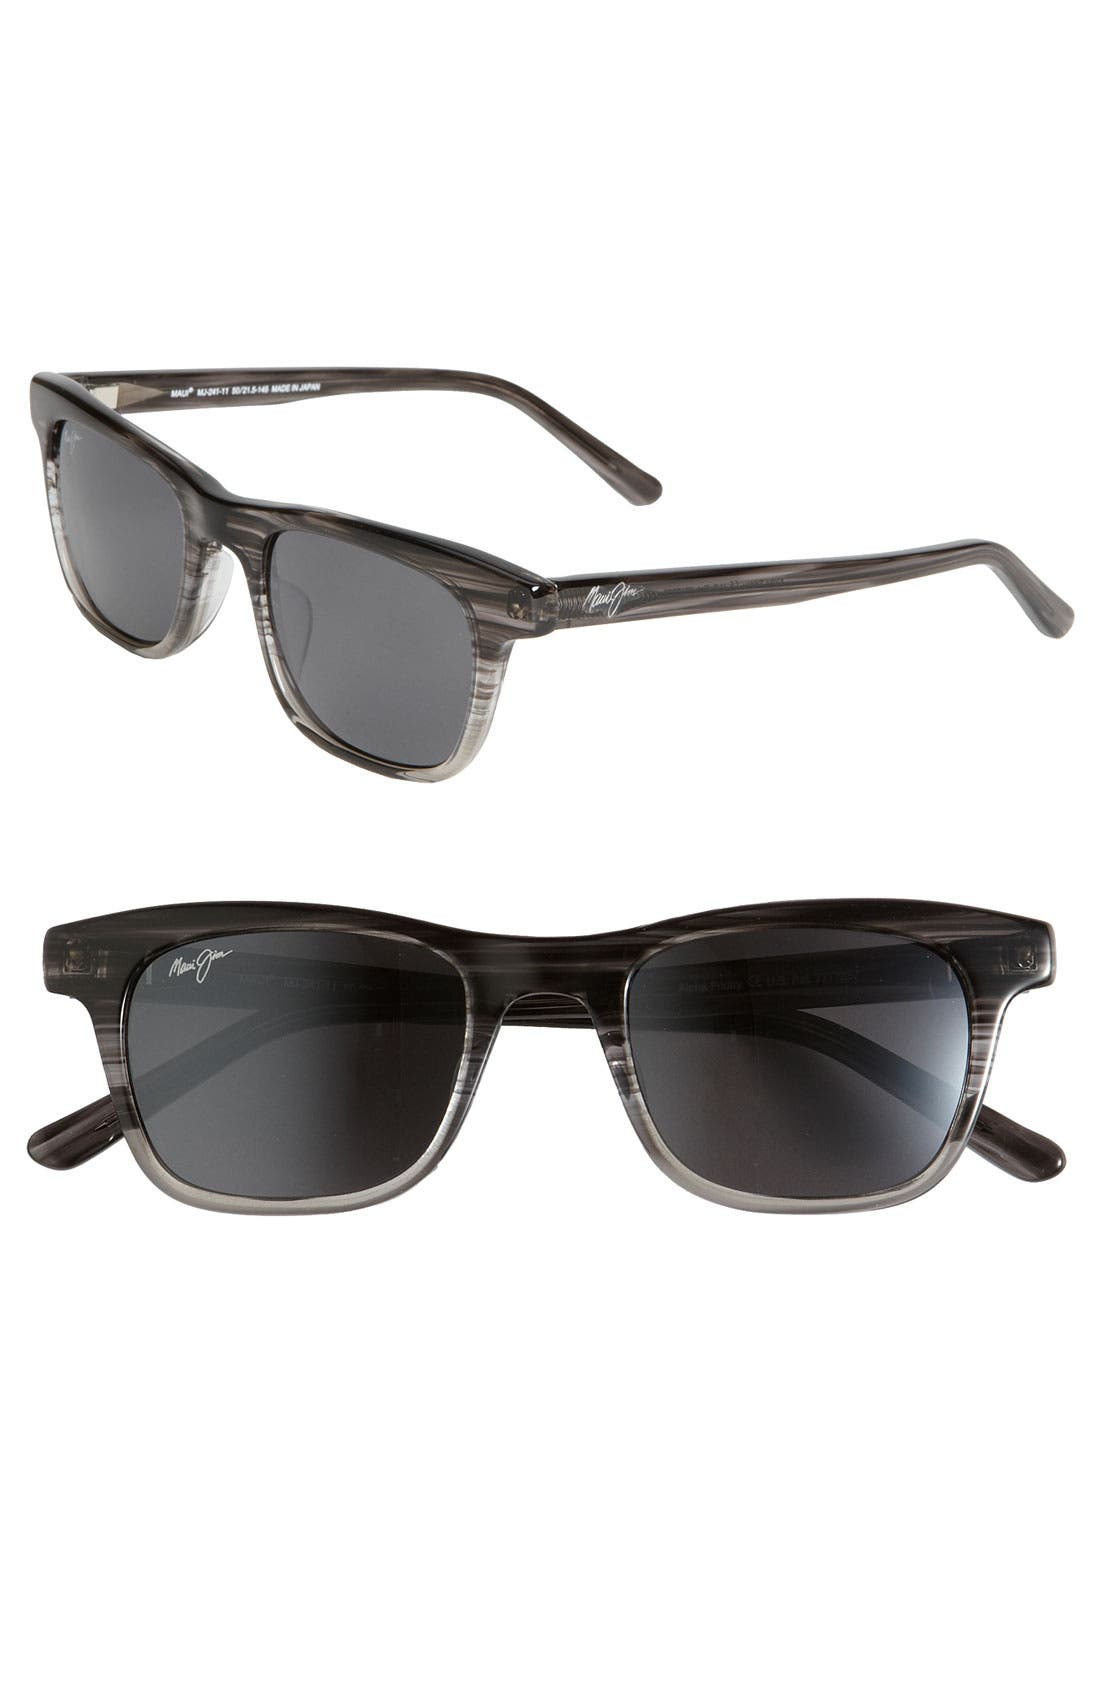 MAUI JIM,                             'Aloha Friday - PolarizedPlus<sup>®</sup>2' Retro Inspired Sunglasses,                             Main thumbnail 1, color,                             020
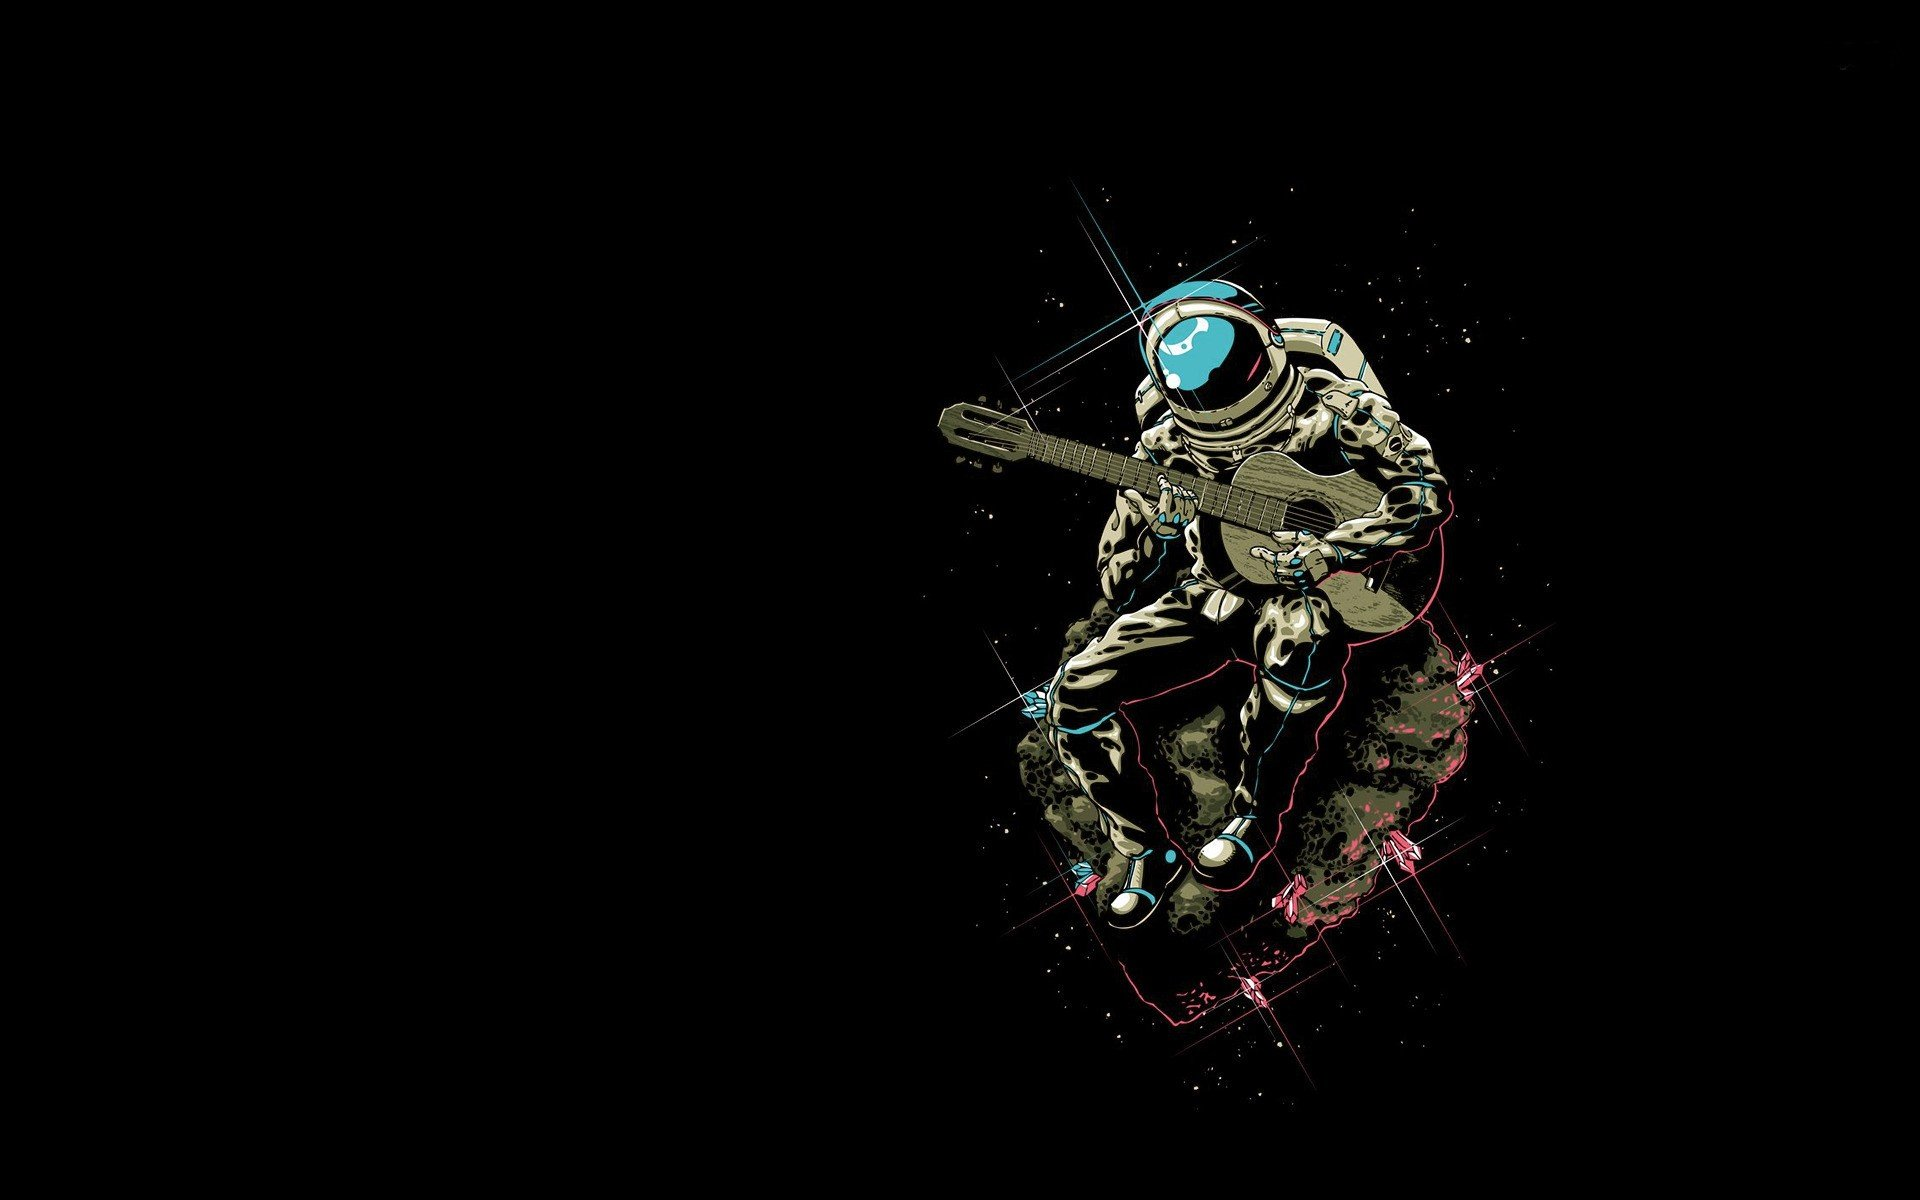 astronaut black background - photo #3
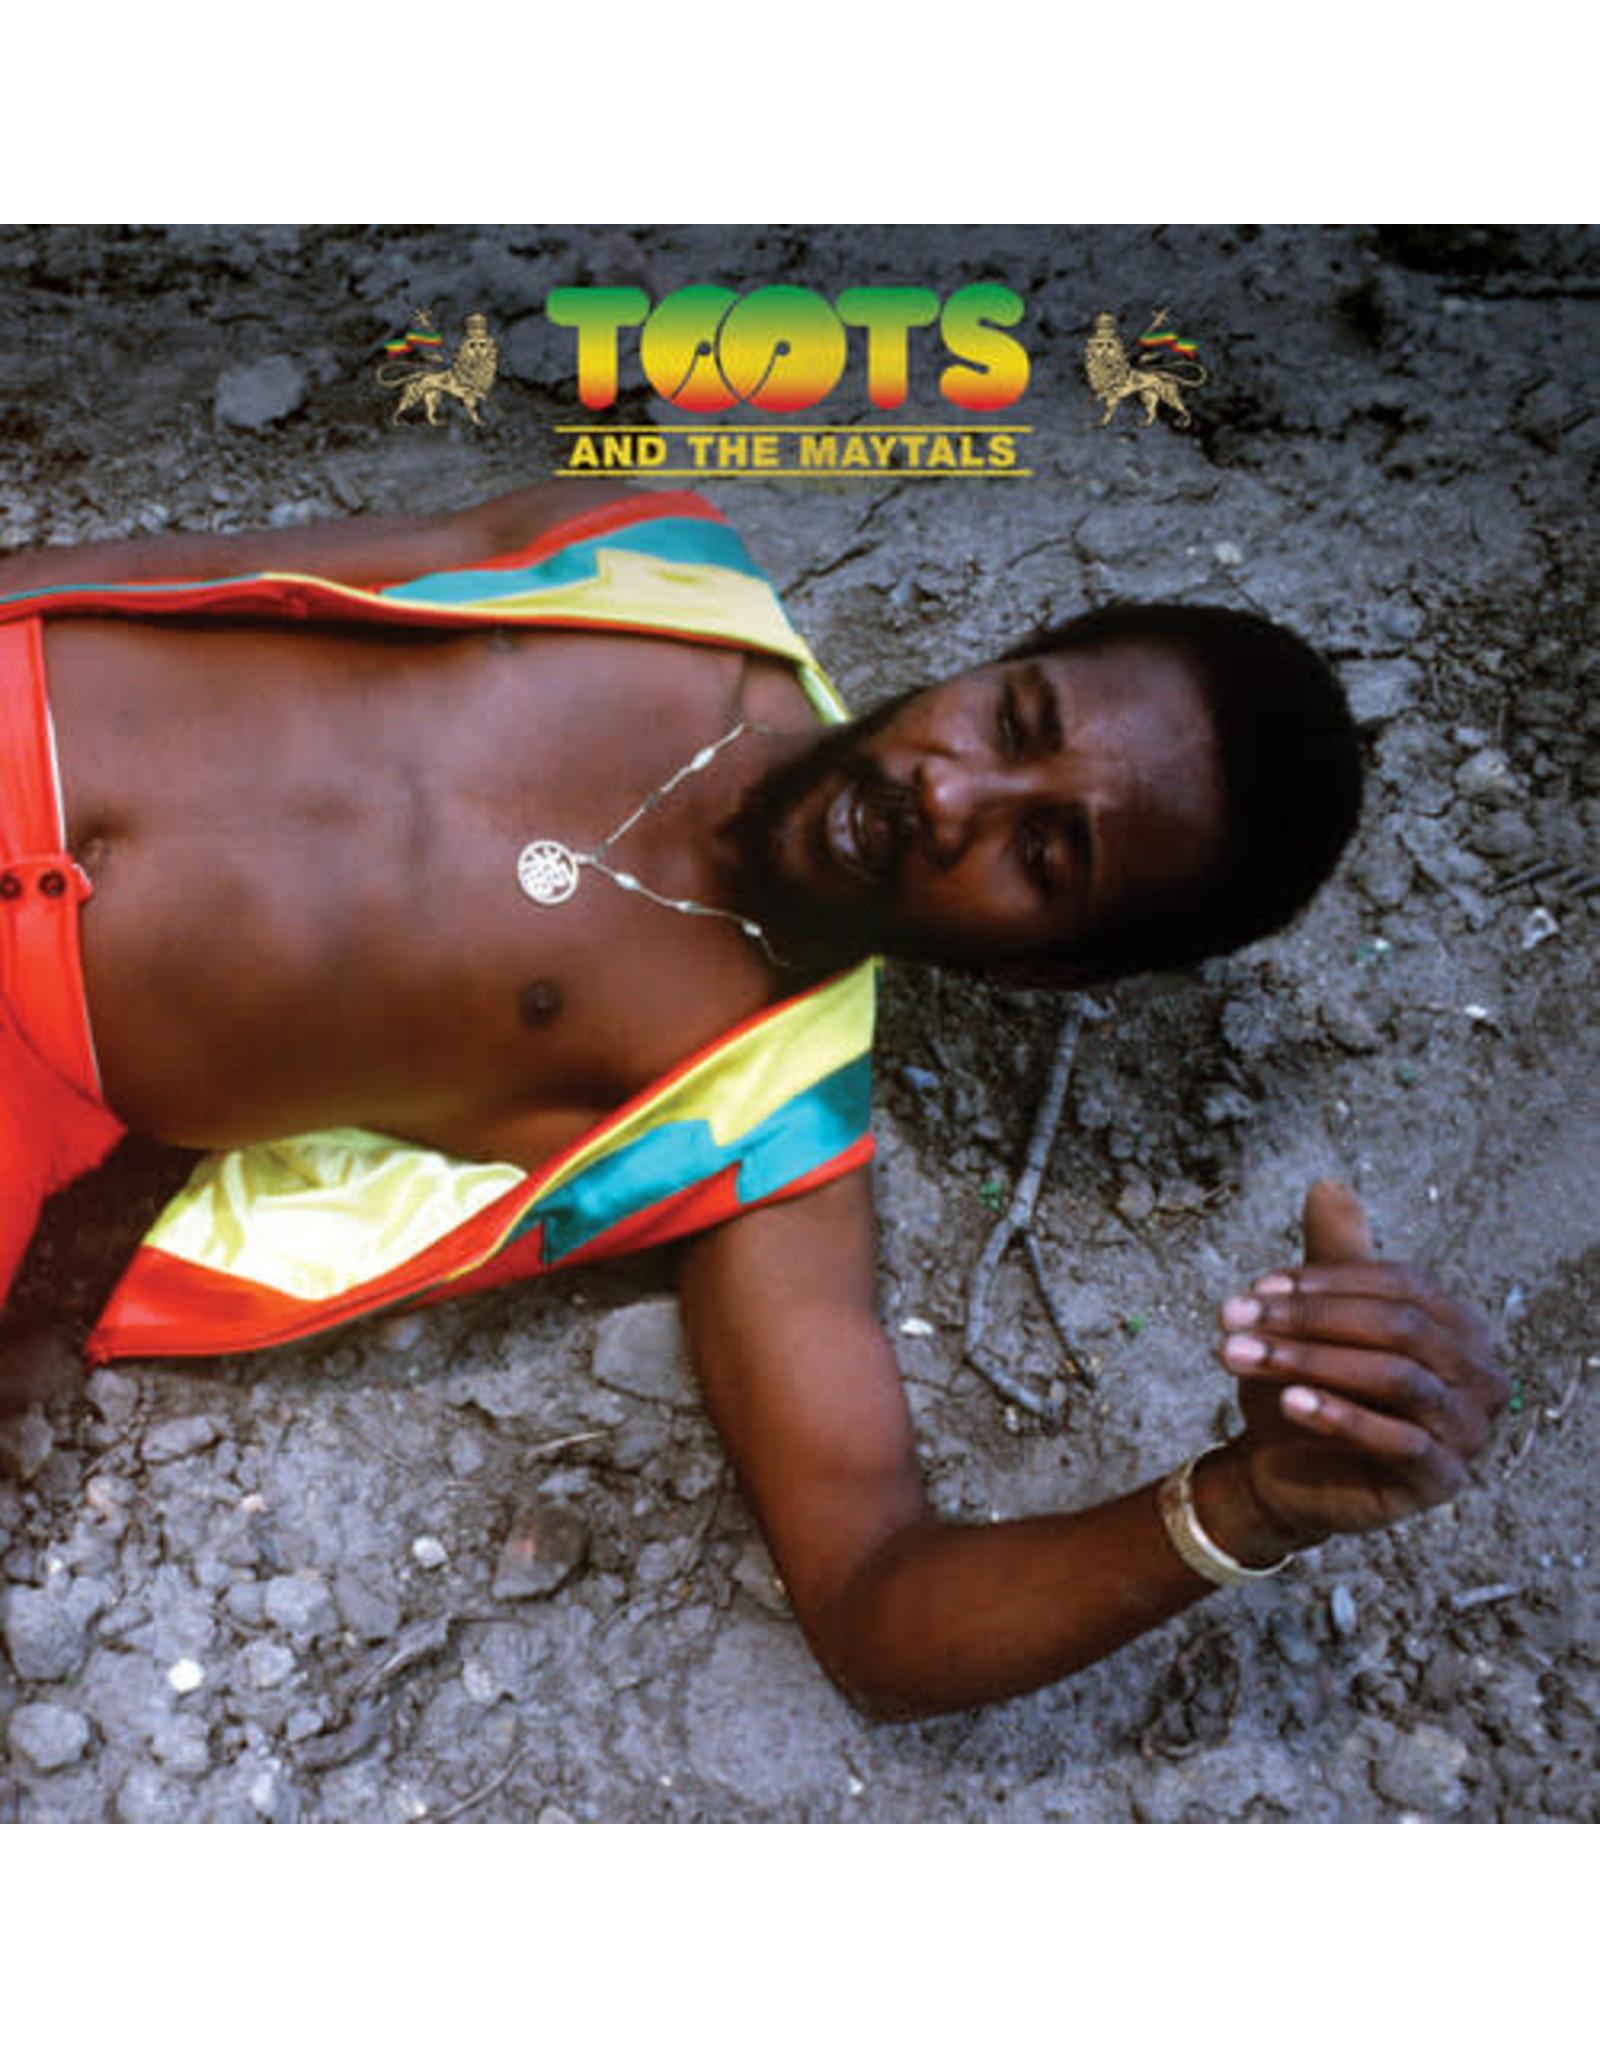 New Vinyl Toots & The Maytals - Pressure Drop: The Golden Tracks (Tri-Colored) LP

━━━━━━━━━━━━━━━━━━━━

* WHAT TO PRODUCE *
Print the material above verbatim except the pictures.

* SOLUTION FOR THIS TASK *
 MAUI JIM,                             'Aloha Friday - PolarizedPlus<sup>®</sup>2' Retro Inspired Sunglasses,                             Main thumbnail 1, color,                             020
 astronaut black background - photo #3
 New Vinyl Toots & The Maytals - Pressure Drop: The Golden Tracks (Tri-Colored) LP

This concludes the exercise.